Suryadevara et al. [
69] have created a table mapping the type and location of each sensor, as well as the time of the day to a specific activity label. Using this technique, they have achieved 79.84% accuracy for real-time activity annotation compared to the actual ground truth collected from the subjects themselves. This approach is efficient in systems where a single sensor or a set of sensor can be discriminative enough to narrow down the activity being performed. In this closed context, no new activities are discovered. Fortino et al. [
87] have used the frequent itemset mining algorithm Apriori to find patterns in collected data. Events represented by quadruples containing a date, a timestamp, the ID of a sensor and its status are recorded. These events are then processed to form a list of occupancy episodes in the form of another quadruple containing a room ID, a start time, a duration, and the list of used sensors. The idea behind this quadruple is to automatically represent activities that emerge as a function of the sensors firing, the time and duration of their activation, as well as the room in which they are located. Apriori is used to find the most frequent occupancy episodes, which are then clustered. Clusters can change throughout the system’s lifecycle, and each cluster acts as the representation of an unknown activity. The name of the activity itself cannot automatically be determined, and human intervention is still necessary to properly label it. This method is useful when there is a high correlation between time, location, and the observed activity.
Through active learning [
90], it is possible to provide the user with an interface that allows them to give feedback over the automatic label suggested by the system. If the label is correct, the user specifies it is, and the new learned instance is added to the base of knowledge. Semi-supervised learning [
91] can be used together with active learning to compare activity annotation predictions with the ground truth provided directly by the user. The model is first trained with a small set of labeled activities. Classification results for unknown instances are then checked using active learning, and added to the training set if they have been correctly classified, thus progressively allowing the training set to grow, and making the model more accurate and versatile in the case of activity discovery.

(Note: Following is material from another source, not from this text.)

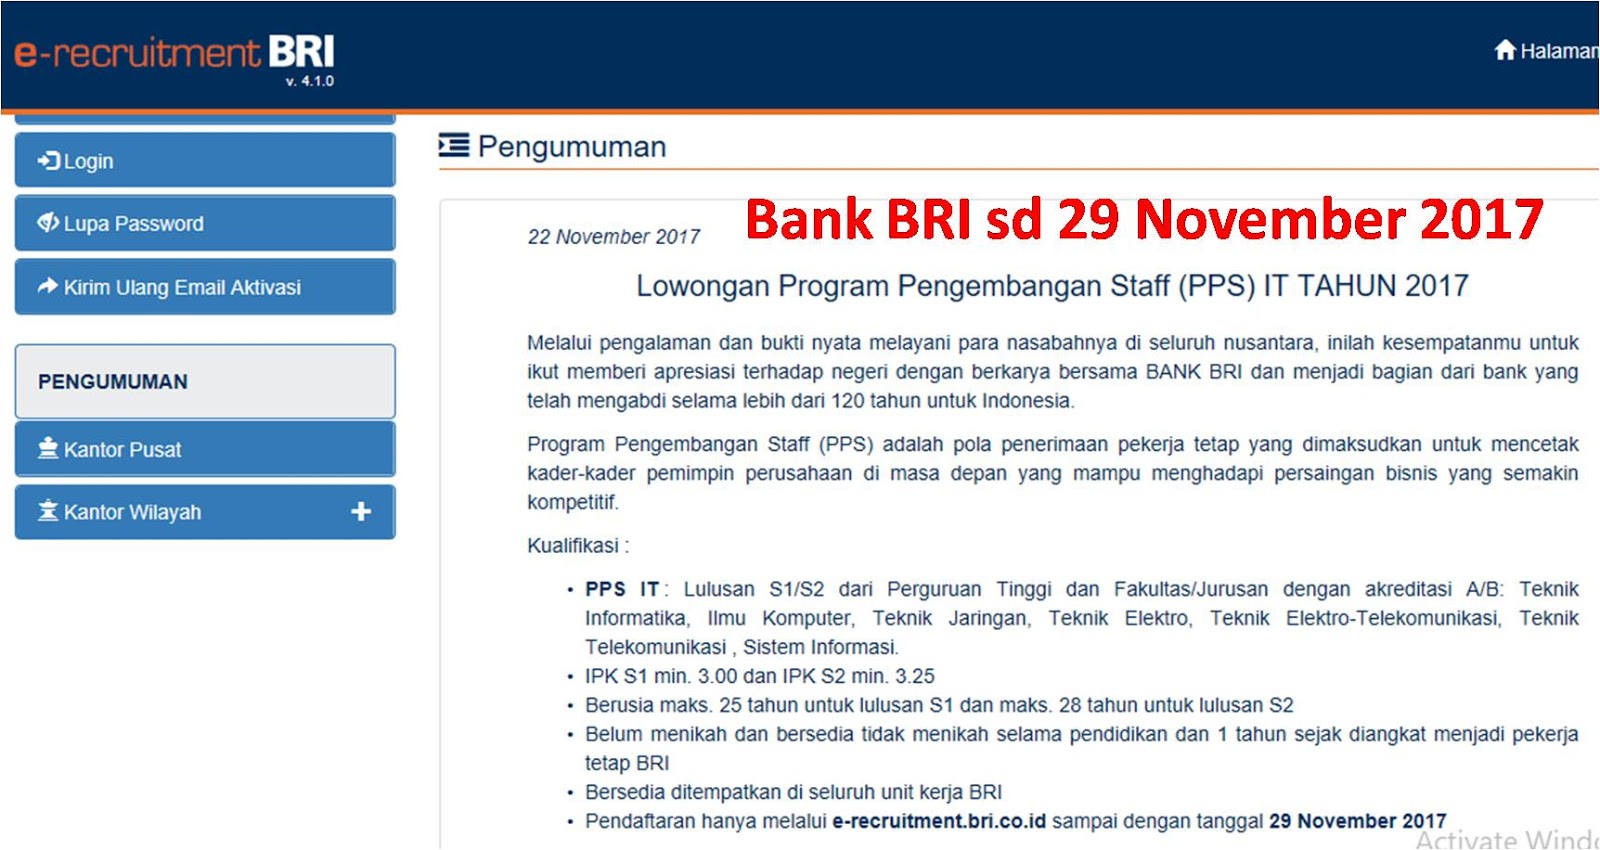 Bank BRI Program Pengembangan Staf sd 29 November 2017

The smaller the set of activities to classify is, the easier it is to link a sensor to an activity. However, a sensor could be firing, letting us know that the sink is running, but it would be impossible to determine if the subject is washing their hands, brushing their teeth, shaving, or having a drink. The more complex the system gets, and the more sensors are added, the more difficult it becomes to establish a set of rules that link sensor activation to human activities. Most real-time systems have to be periodically re-trained with new ground truth in order to include new activities, and take into account the fact that the same activities could be performed in a slightly different way over time.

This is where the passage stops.